Chris White, Ford’s 5GEM project lead said: “Connecting today’s shop floor requires significant time and investment. Present technology can be the limiting factor in reconfiguring and deploying next-gen manufacturing systems. 5G presents the opportunity to transform the speed of launch and flexibility of present manufacturing facilities, moving us towards tomorrow’s plants connected to remote expert support and artificial intelligence.”

Vinod Kumar, CEO of Vodafone Business, said: “5G mobile private networks act as a springboard for organisations, allowing them to rethink the way they do business. In this case, MPN technology makes the factory of the future possible. It allows machines and computing power to coordinate in real-time, improving precision, efficiency and safety. We’re excited to help Ford plan for the future of its business.”

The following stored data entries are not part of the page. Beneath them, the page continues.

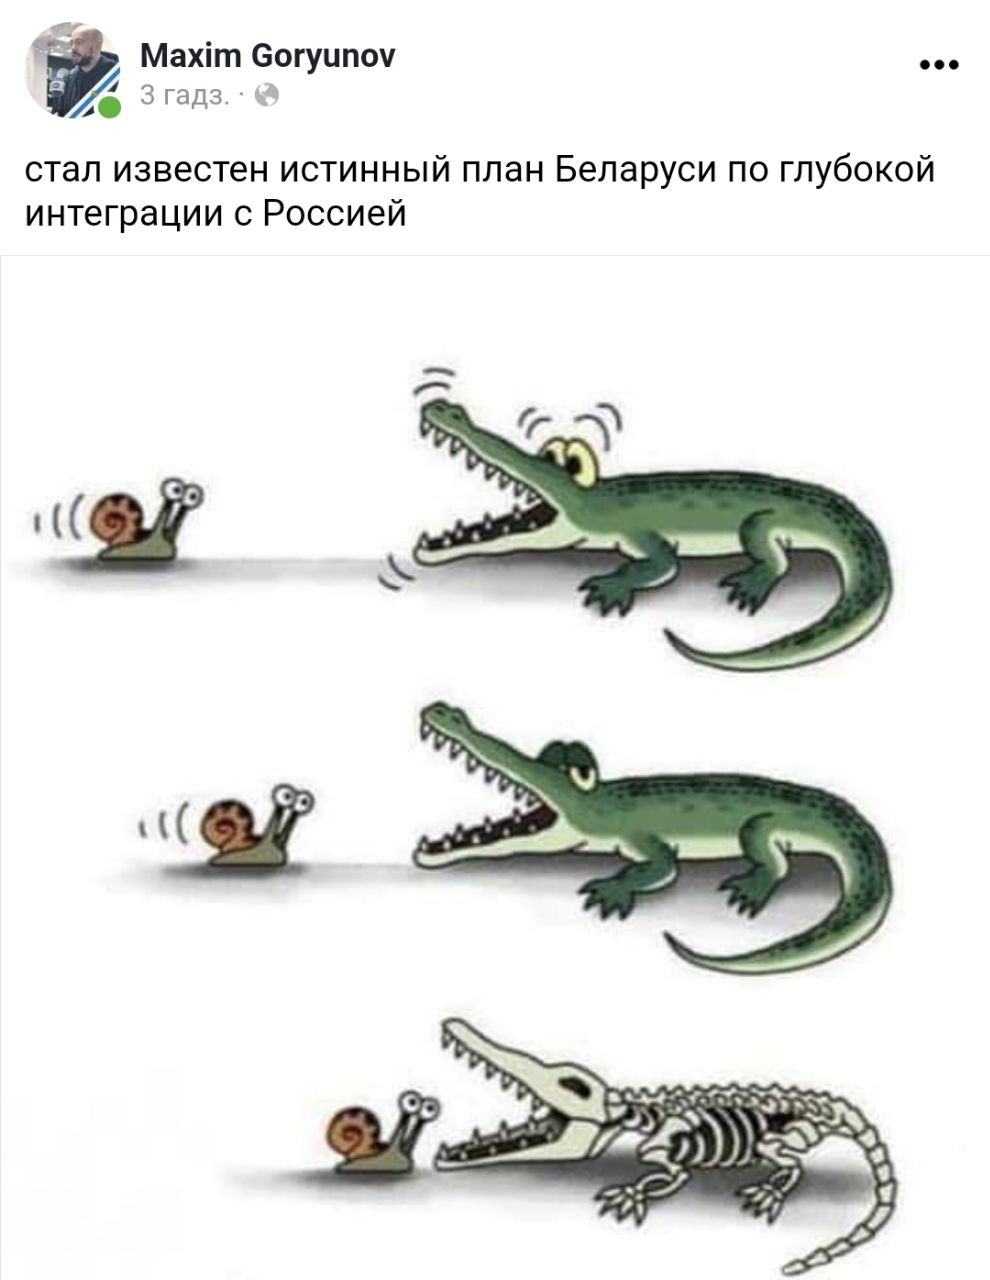 990x1280, 92 Kb / крокодил, улитка, интеграция, россия, беларусь, скелет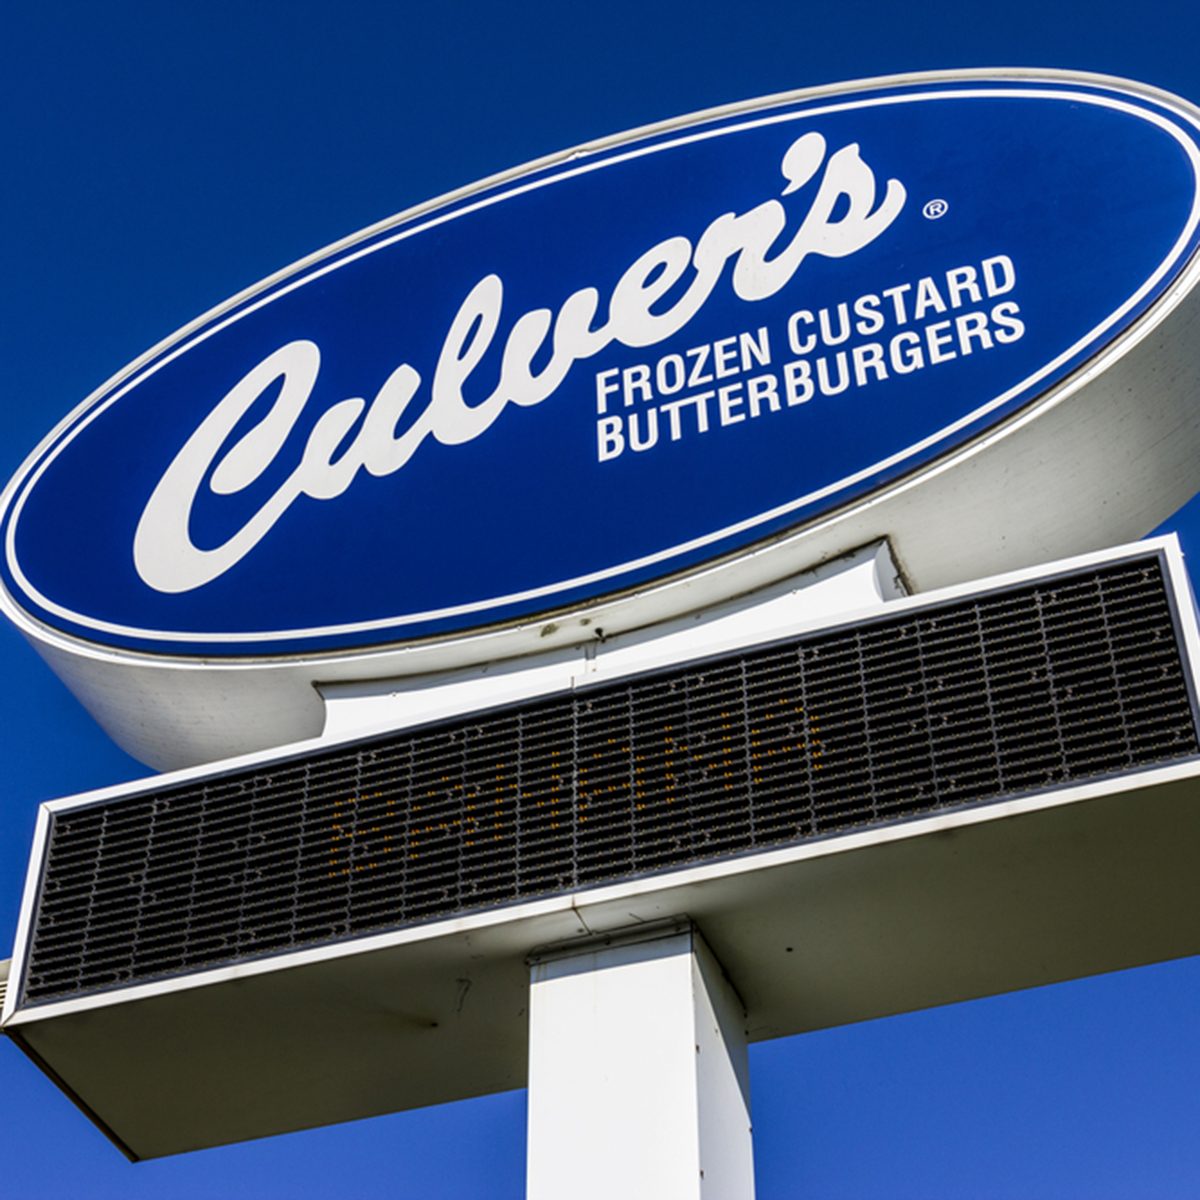 Culver's sign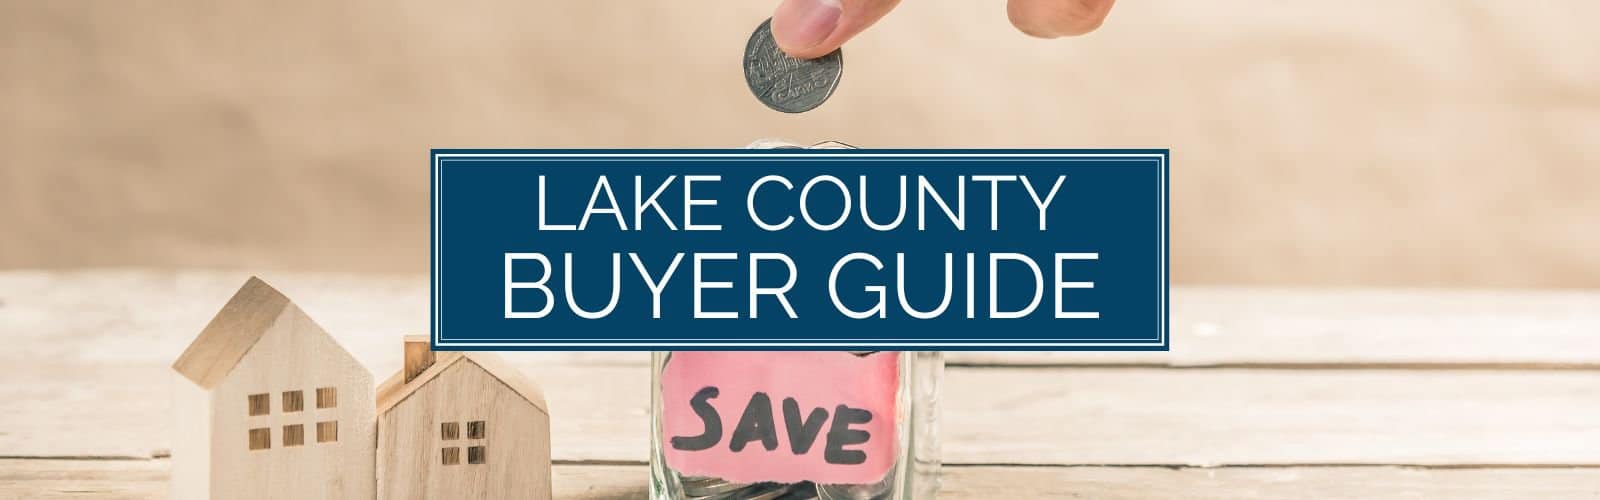 Lake County Buyer Guide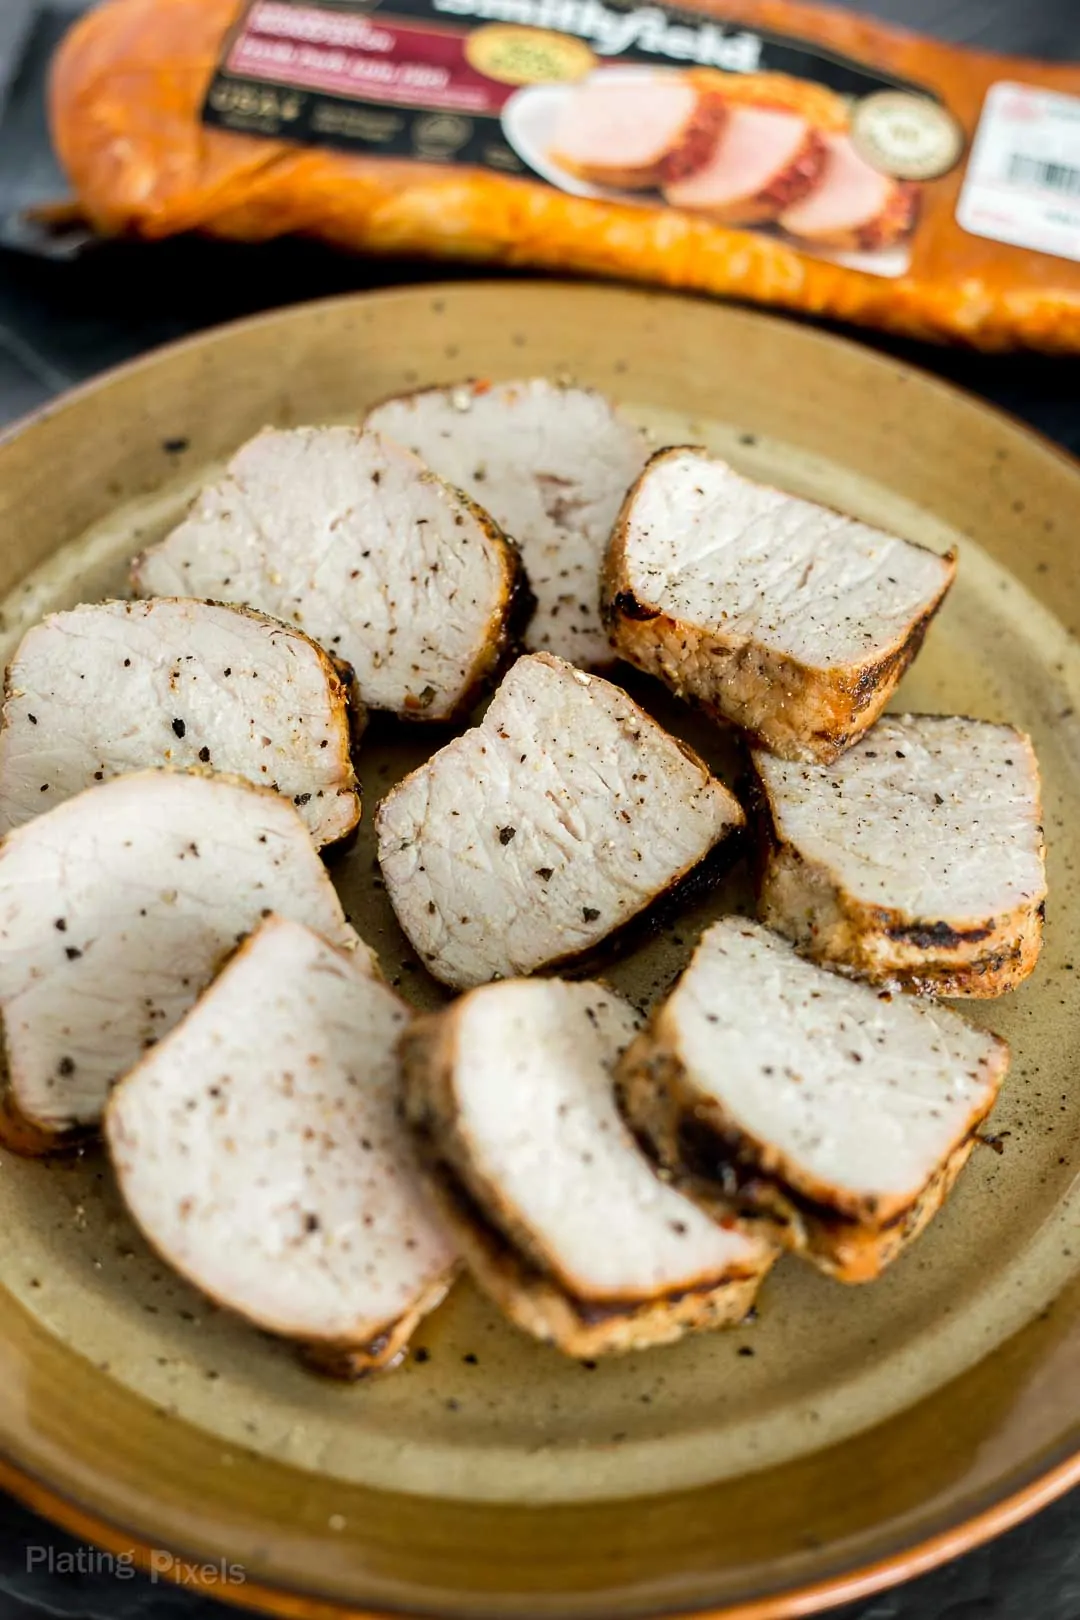 Slices of grilled pork tenderloin on a plate

Ford outlook and price target

Eleven analysts forecast the average price in 12 months at $6.19 with a high forecast of $8.00 and a low forecast of $3.50. The average price target represents a 4.03% increase from the last price of $5.95, according to Tipranks. From that eleven, three analysts rated ‘Buy’, six rated ‘Hold’ and two rated ‘Sell’.

Morgan Stanley raised price target to $8 from $7. Ford Motor was given a $7.50 price target by analysts at Jefferies Financial Group Inc. The firm currently has a buy rating on the stock. JP Morgan raises target price to $7 from $6. Goldman Sachs raises target price to $7. Evercore ISI raises price target to $5 from $3.5.

On the other hand, it is good to sell at the current level as 50-day Moving Average and 100-200-day MACD Oscillator signals a strong selling opportunity.

Analysts’ comments

“We have marked-to-market our Ford earnings assumptions to account for what we expect to be a surprising level of pricing and mix for the remainder of 2020, driving an early EPS upgrade and our target to $8. Reiterate Overweight,” noted Adam Jonas, equity analyst at Morgan Stanley.

“Longer term, we remain extremely focused on the VW partnership, as we view this evolving relationship as arguably the #1 driver of Ford’s ability to improve efficiency, reduce waste and successfully pivot from ICE to EV. While investors may not see deep significance here, we believe these three areas are defining vectors of innovation and competitive strength as the industry transitions to Auto 2.0 and can make the difference between Ford having a cost of capital of greater than 20% or <10%,” he added.

John Butters, senior earnings analyst at FactSet in his June 19 note wrote, “despite the decline in expected earnings, this sector has witnessed the second-largest increase in price (+31.7%) of all eleven sectors since March 31.”

“However, Ford Motor (to -$1.25 from -$0.31), Amazon.com (to $1.39 from $6.14), General Motors, and Carnival have been the largest contributors to the decrease in expected earnings for this sector since March 31.”